Warmth: Decomposition is significant at approx. 50°F and proceeds most rapidly between 70° and 100°F. Between 100° and 212°F, the process slows as the reproduction of bacteria is retarded by the increased temperature and moisture is evaporated.

Air: Oxygen-consuming organism activity is retarded by the absence of air. Restriction of airflow around remains will slow the decomposition process.

Moisture: Microorganisms require moisture to function. A body normally contains enough moisture for the bacteria to multiply.

Principles of Scent Cone Presence and Distortion

  1. Decomposition odor will tend to form a scent pool above and around the remains.

  2. Air flow will move the scent away from the source in the direction of the wind, forming an air scent cone.

  3. Water will move the scent away from the source along scent conduits in response to gravity or currents, along surface of underground waterways; or following erosion or drainage patterns.

  4. Wind or water flow can be altered by scent barriers.

  5. Water flow along a conduit can interrupt the absorption of scent into the soil near the remains causing a scent void near the remains at the dog-nose level.

  6. Variable wind patterns can cause an uneven distribution of scent molecules in the air.

  7. Elevation of the body with a horizontal scent cone can produce a scent void near the remains at dog-nose level.


Understanding the natural processes that influence outdoor death scenes is vital to the success of conducting and interpreting searches. The study of what archaeologists and paleontologists calls “death assemblages” is termed taphonomy, which literally means the laws of burial, but can refer also to unburied bodies exposed on the earth’s surface. In other words, taphonomy includes knowledge about the process by which a body is transformed from a living being to dust—or fossils, chemical constituents, or mummified remains. In forensic taphonomy, we are concerned with the earliest part of that postmortem period.

Legal Issues

When conducting a search, a dog/handler team is, in effect, searching for evidence. Most of the legal cases regarding dog searches deal with drug seizures, but the principle under which the issues are raised apply equally to cadaver dog searches. The two primary areas of concern are the acquisition of evidence and the acceptance of that evidence by a court. Unless the search team is operating within the guidelines set down by the Constitution and the court system, any evidence located during the search may not be admissible at a trial.

• The Fourth Amendment of search and seizure is the applicable standard. No warrant will issue without probable cause.

What constitutes a search with a dog? The court decided in United States v. Place, that the activity of a drug-sniffing dog was unique. The dog only alerted if there was evidence of contraband. Therefore, the dog was only disclosing criminal behavior and a warrant was not necessary. No intrusion of an innocent person’s privacy would occur.

Many courts have allowed searches by air-scent dogs without a warrant when the search has been based on other facts that gave the police a reasonable suspicion. Courts, however, will not allow dogs to be used for general exploratory or dragnet-type searches. The decisions in these cases appear to be very fact specific. The court’s decision to allow lesser evidence or exigent circumstances to be substituted for the need to obtain a warrant remains unpredictable.

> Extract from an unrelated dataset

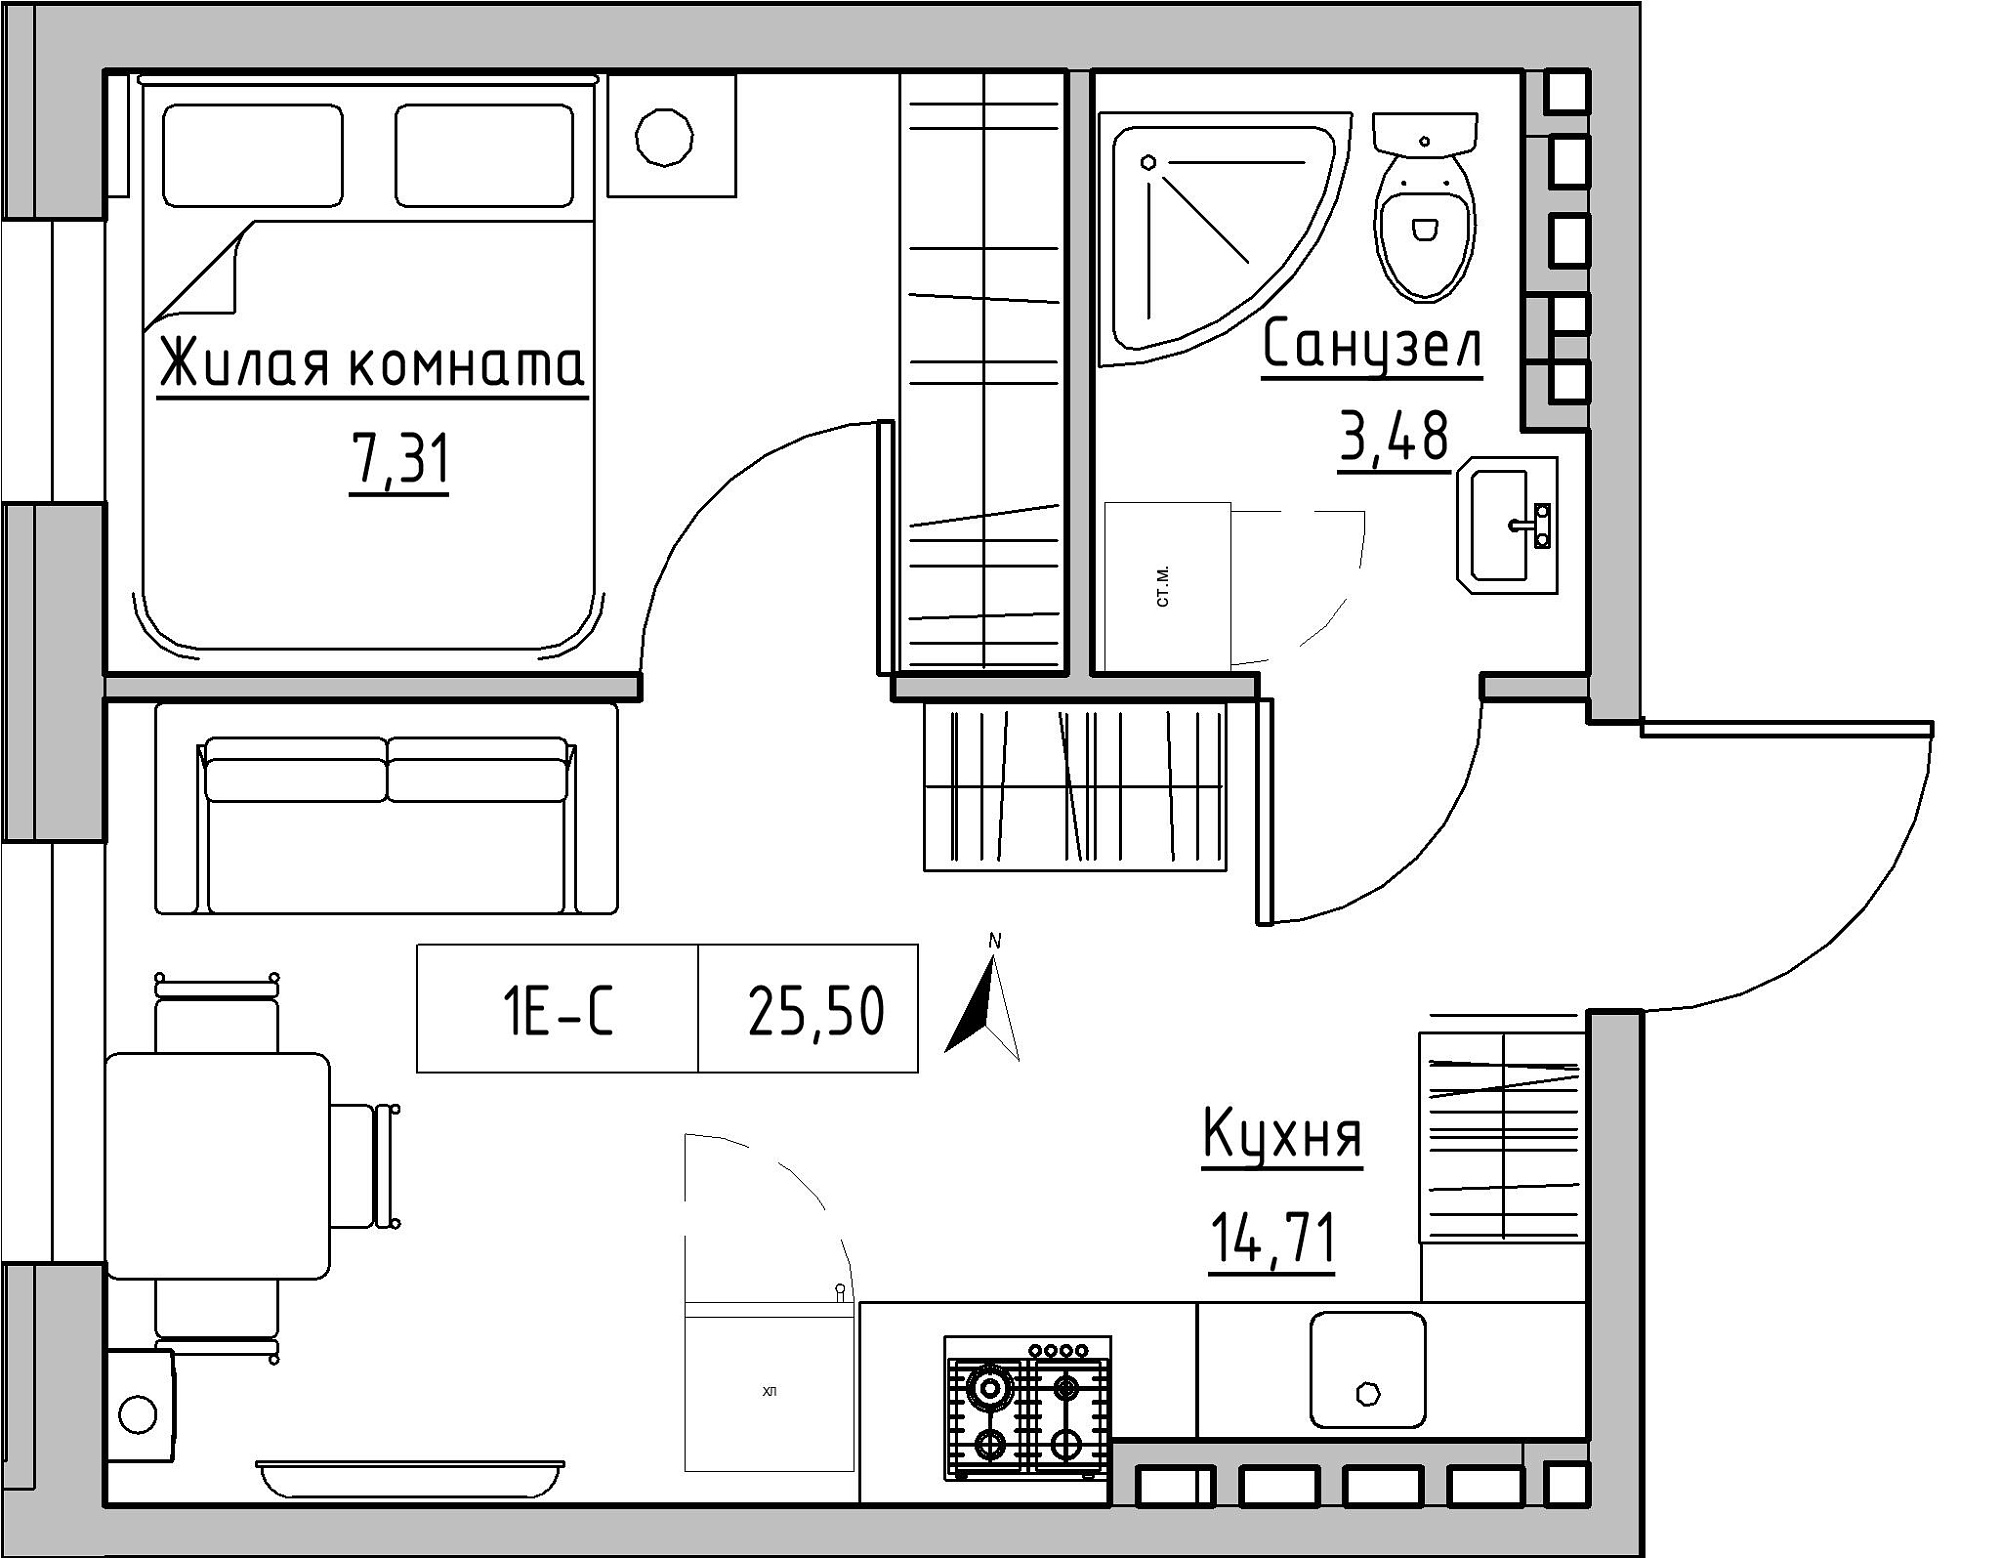 Планировка 1-к квартира площей 25.5м2, KS-024-04/0014.

The issues above rarely occur in the context of cadaver dog searches. These searches are usua lly the result of prior investigation. Cadaver searches by their very nature will lack exigent circumstances except in the rarest of cases. Those cases will usually involve the suspicion that a vehicle either has a body in it or was used to transport a body.

The principle area of concern for cadaver dog handlers is the possibility of warrantless entry onto property where there is a justified expectation of privacy. Open fields are not protected by the Fourth Amendment. The surrounding area or curtilage—areas adjacent to structures—requires a warrant. With public land there are no privacy issues involved.

There you have it: the working cadaver dog.